Background: Fish is reported to be one of the most common causes of food allergic reactions. Species specificity and patterns of cross-reactivity are still to be defined.
Objective: To demonstrate the immunologic reactivity of clinically codfish-allergic adults to four species of fish: cod, mackerel, herring, and plaice.
Methods: IgE reactivity was measured in eight clinically codfish-allergic adult patients, confirmed by double-blind, placebo-controlled challenges with fresh raw codfish, and in 30 codfish-tolerant control subjects, by means of skin prick test, histamine release test, specific IgE tests, SDS-PAGE, and immunoblotting.
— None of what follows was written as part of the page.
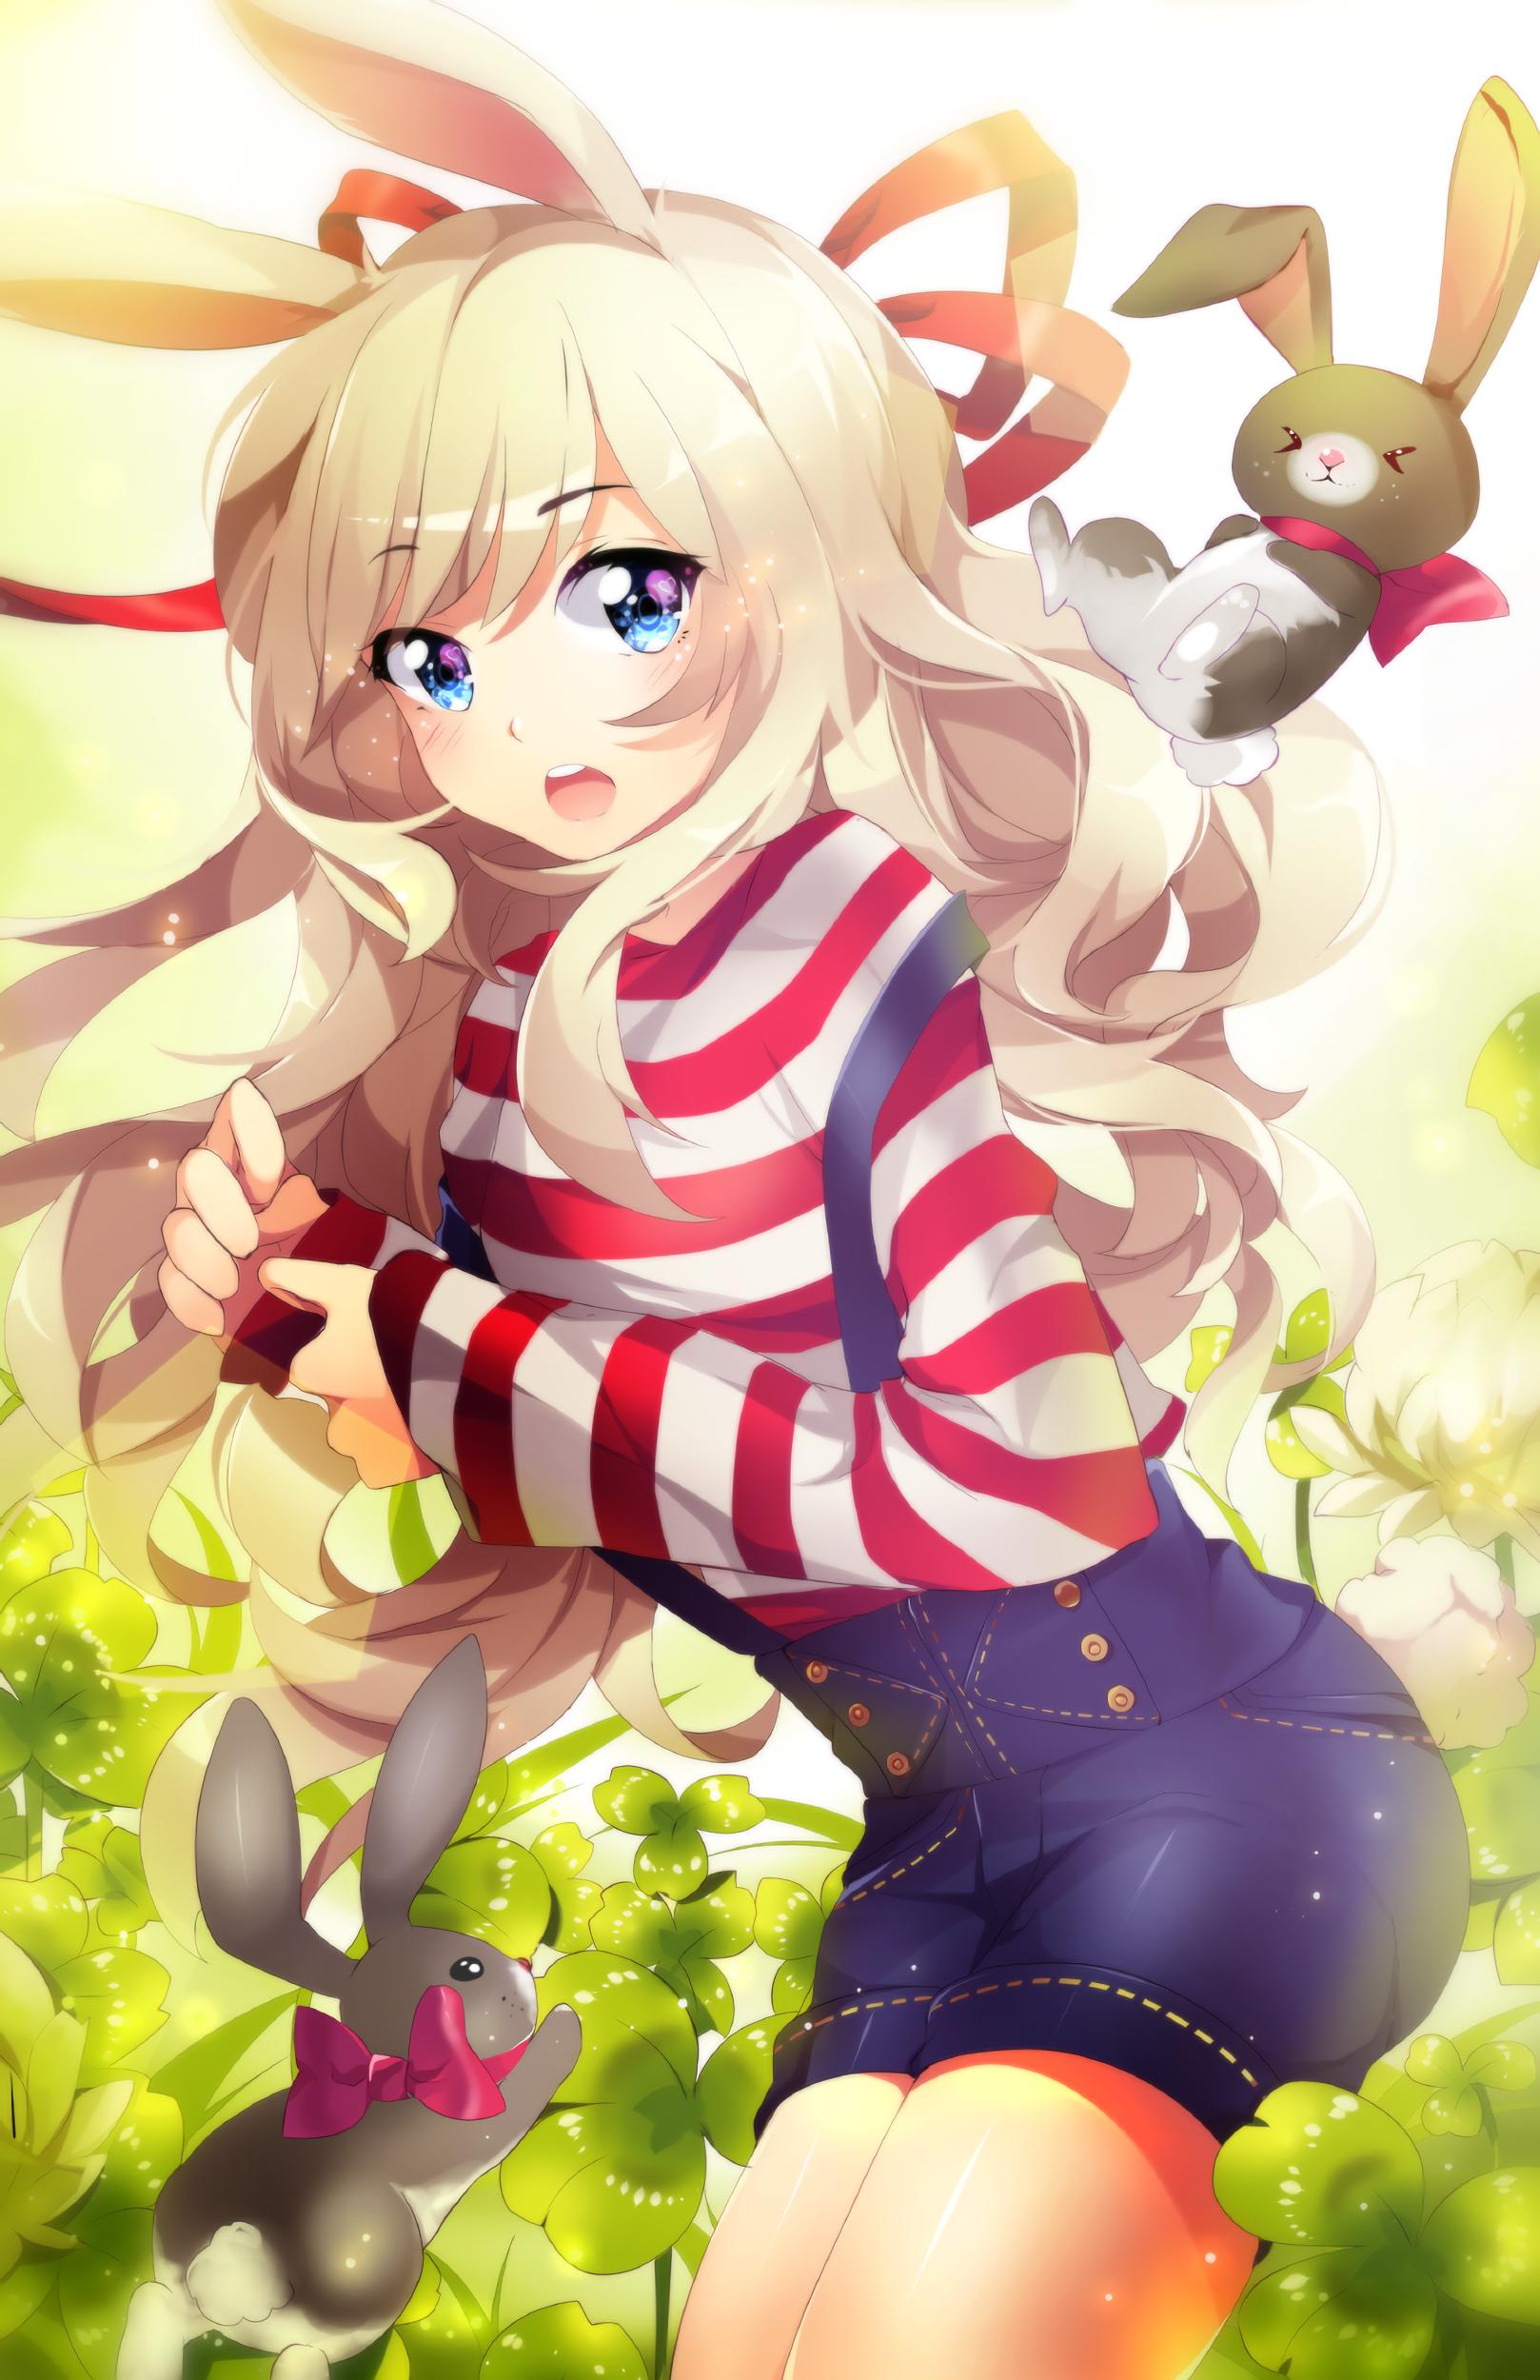 Anime 1618x2500 anime anime girls shorts rabbits long hair blonde blue eyes bunny ears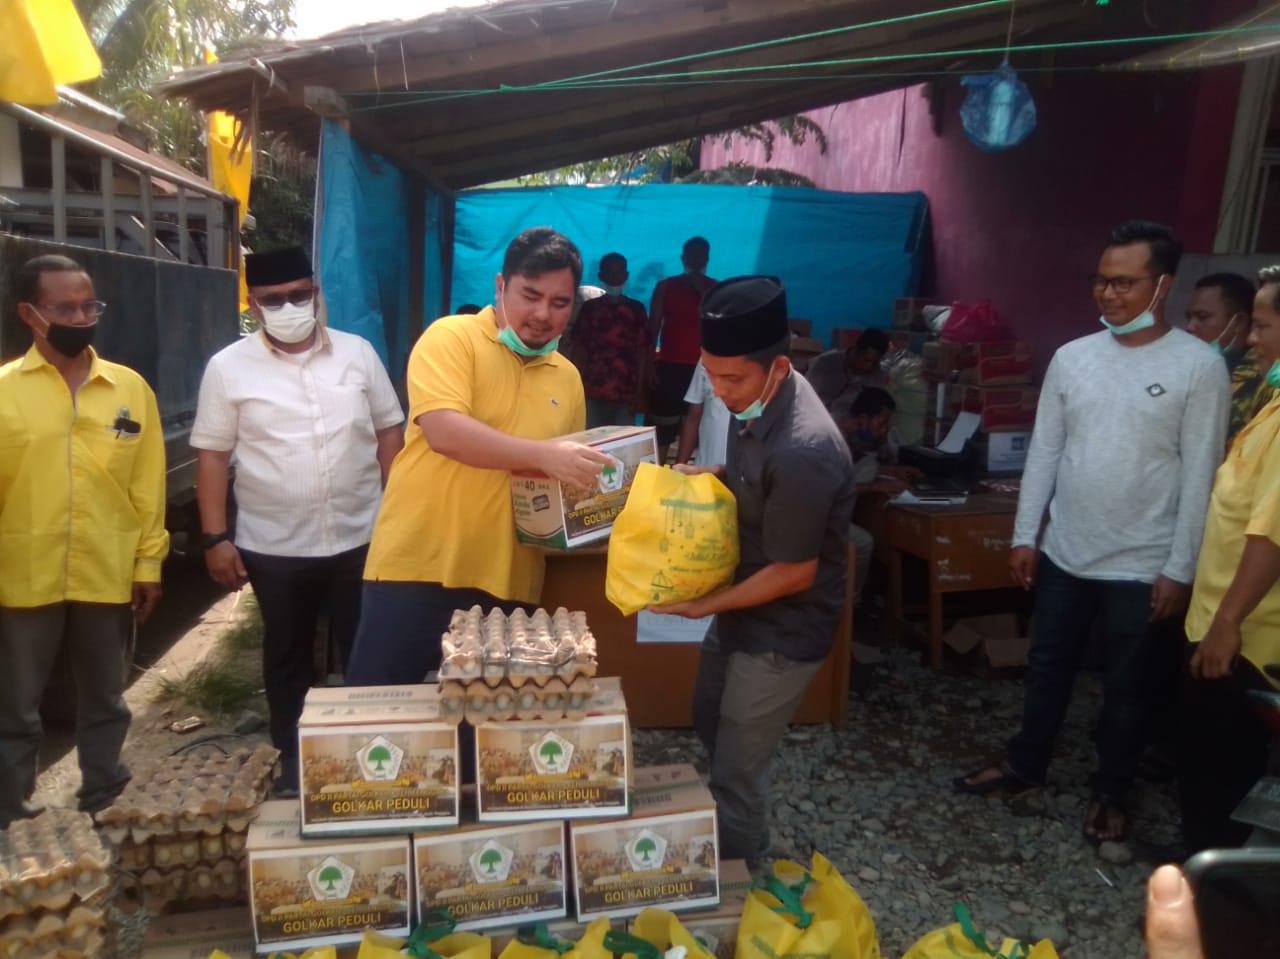 Golkar Aceh Tenggara Serahkan Sembako Untuk Korban Kebakaran di Desa Penampaan

Results: All eight patients had positive skin prick tests to plaice and herring, seven of eight to mackerel, whereas fish-induced histamine release from basophil leukocytes was positive in five, four, and six of six patients, respectively. Elevated specific IgE to the fish species was found in all eight, and reactions among the control subjects using an in-house method, the Maxisorp RAST, with freshly prepared fish extracts, were fewer (n = 8) than found with Phadebas RAST (n = 12) and Pharmacia CAP System (n = 11). Sodium dodecyl sulfate-polyacrylamide gel electrophoresis and immunoblotting revealed individual and common antigenic proteins in freshly prepared extracts. Sera from all eight patients recognized a protein in the area of 11 to 14 kD in all fish species. This is believed to be a protein fraction analogous to Gad cl. Inhibition of the codfish Maxisorp RAST was obtained with mackerel, herring, and plaice. No cross-reactivity to shrimp or milk was shown.
Conclusion: This study suggests that serologic cross-reactivity to different fish species in clinically codfish-allergic adults exists, and that cod, mackerel, herring, and plaice share a common antigenic structure.